I wonder what role the patient plays in the construction of a new office in the middle of a really intense, close, involved analysis. I have some thoughts about this. Here are the thoughts.
Ultimately, this is my therapist’s office. She is paying for it (though, honestly, I am paying a little for it, too, but that’s a complex matter, so let’s just say that she is paying for it and leave it at that), she’s got her name on it, she sees people I don’t know in it, I spend much less time in it, etc. This is point one. I think point one is a very valid point that could be belabored at length, but let’s just say that there is a very important line between me and my therapist, and this line is the line of our separateness, and the office lies on her side of this line.

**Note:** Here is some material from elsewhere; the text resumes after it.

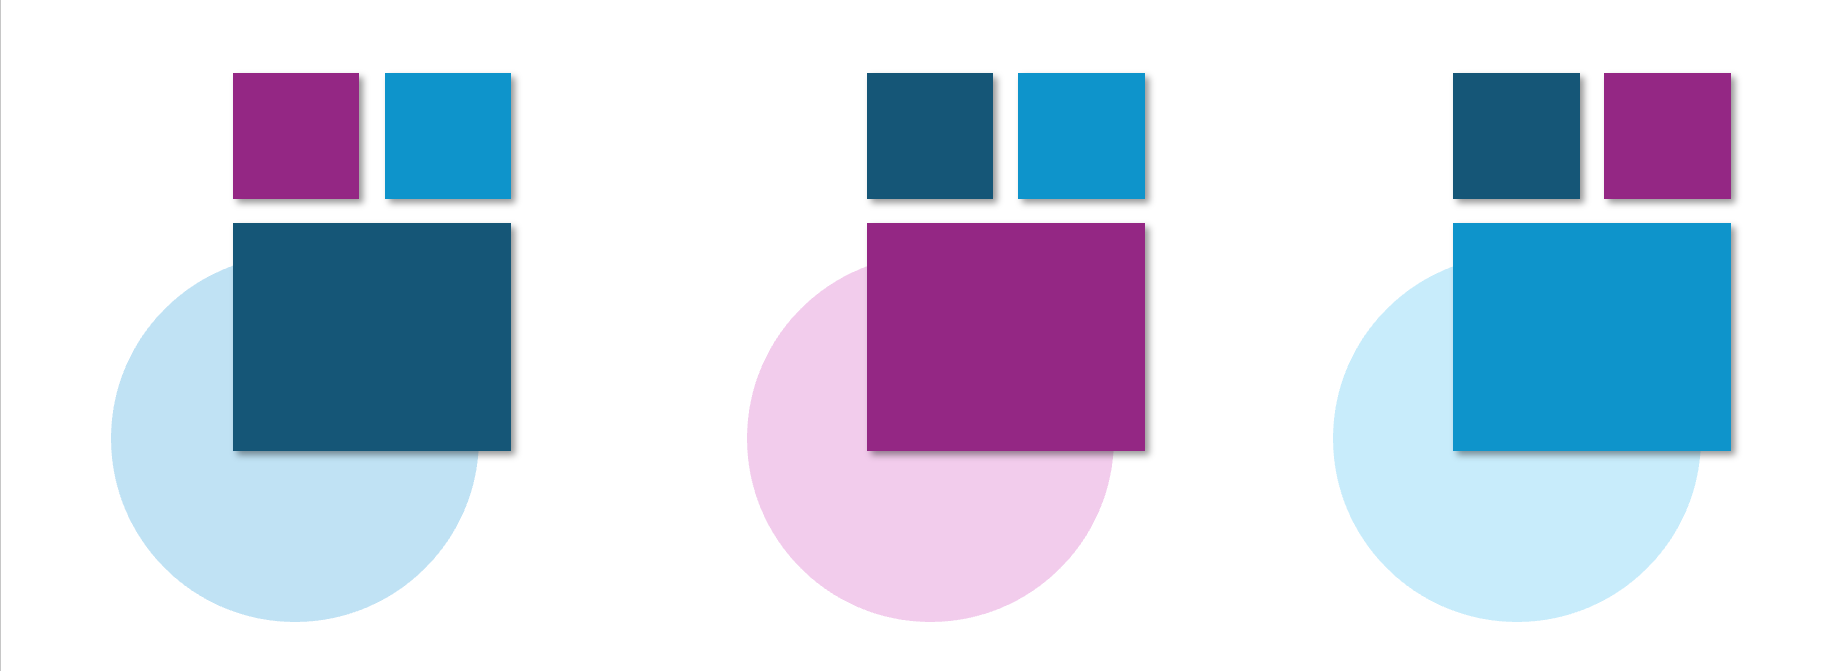 Drei Farbkombinationen aus den Farben Dunkelblau, Violett und Blau
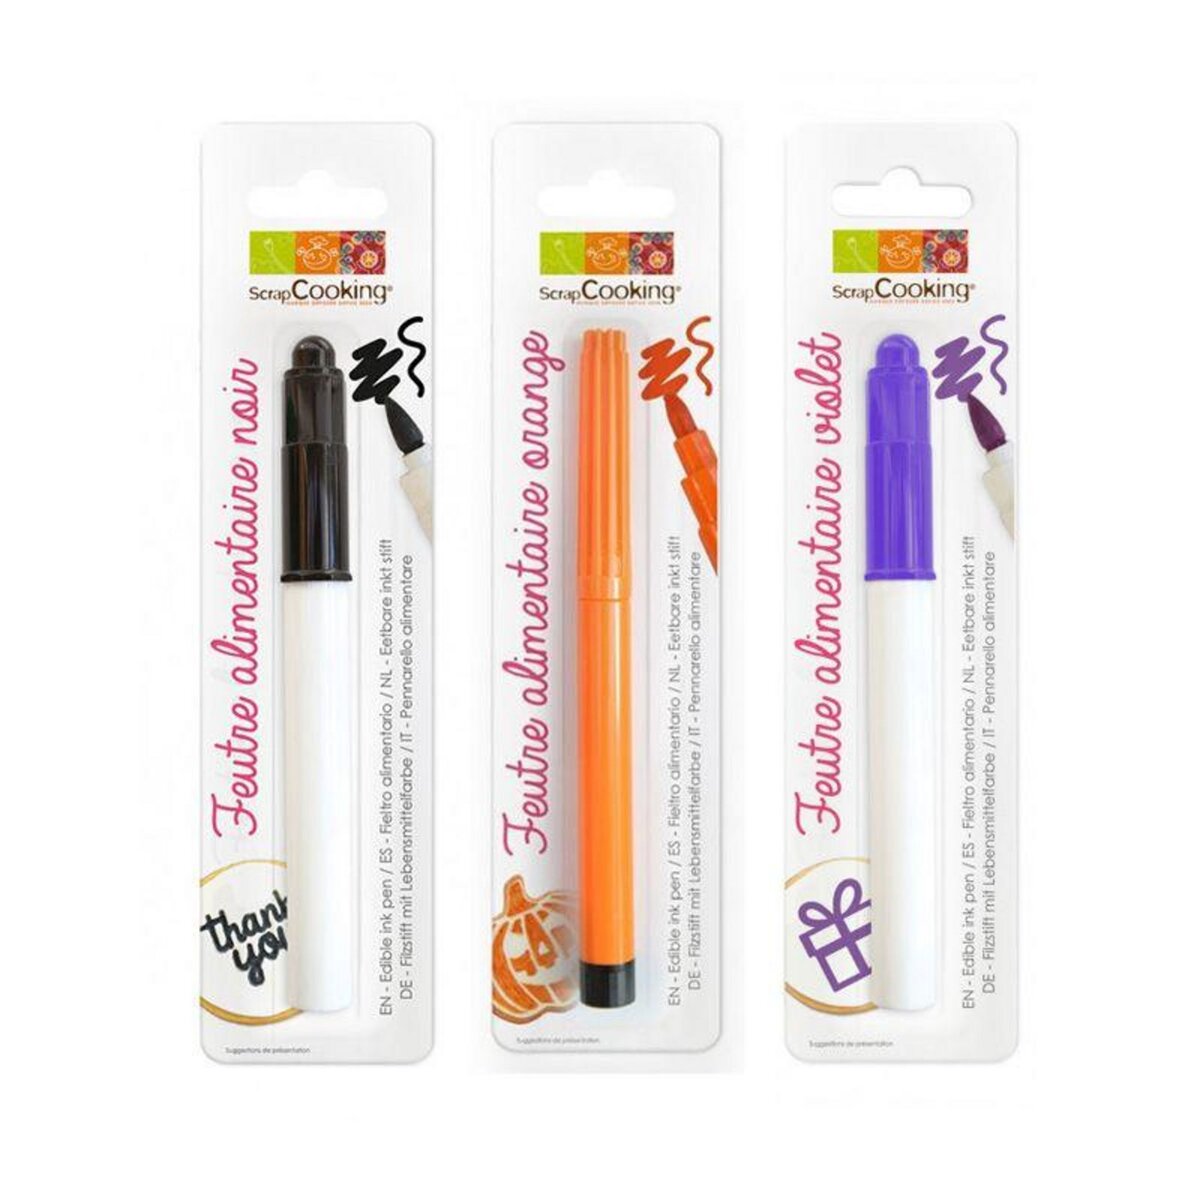 SCRAPCOOKING 3 stylos alimentaires noir, orange et violet - Halloween pas  cher

At the same time, if I were a therapist, would I want to do something that is radically different with my office? Would I want to tell my patients, who know me and feel comfortable with me, hey, this is my new me, how do you like it? I don’t know. Of course, it might be very exciting for me, the therapist, to have a great new space to decorate and, in the process of decorating it, be able to reinvent myself, change style entirely, go a little bit crazy (this is very much NOT what my therapist wants to do; I’m thinking about the whole idea of redecorating a therapist’s office in general terms). But it seems to me (I may be wrong), if you are a therapist this is something you do with your own home, not with your office. The space you share with people, you keep it welcoming and universal. I am not saying bland, but bland is not very far from what I am saying.
And now I realize that I have skipped a ton of steps. I was talking about continuity, now I’m talking about a therapist’s space in general. Maybe I’m thinking of my therapist’s old office as “bland” in a tasteful, reassuring, comfortable, professional way. And I think I want it to stay that way. I don’t want the space to be telling me so much about my therapist that I feel excluded. I want the space to be open to me, to other patients who may be very different from me, to rich people, to poor people, to people with a flamboyant sensibility and people with a conservative sensibility — to signal welcome instead of a strong presence that boldly asserts THIS IS WHO I AM AND THIS IS MY OFFICE.
And I think this is all I have to say on the subject for now.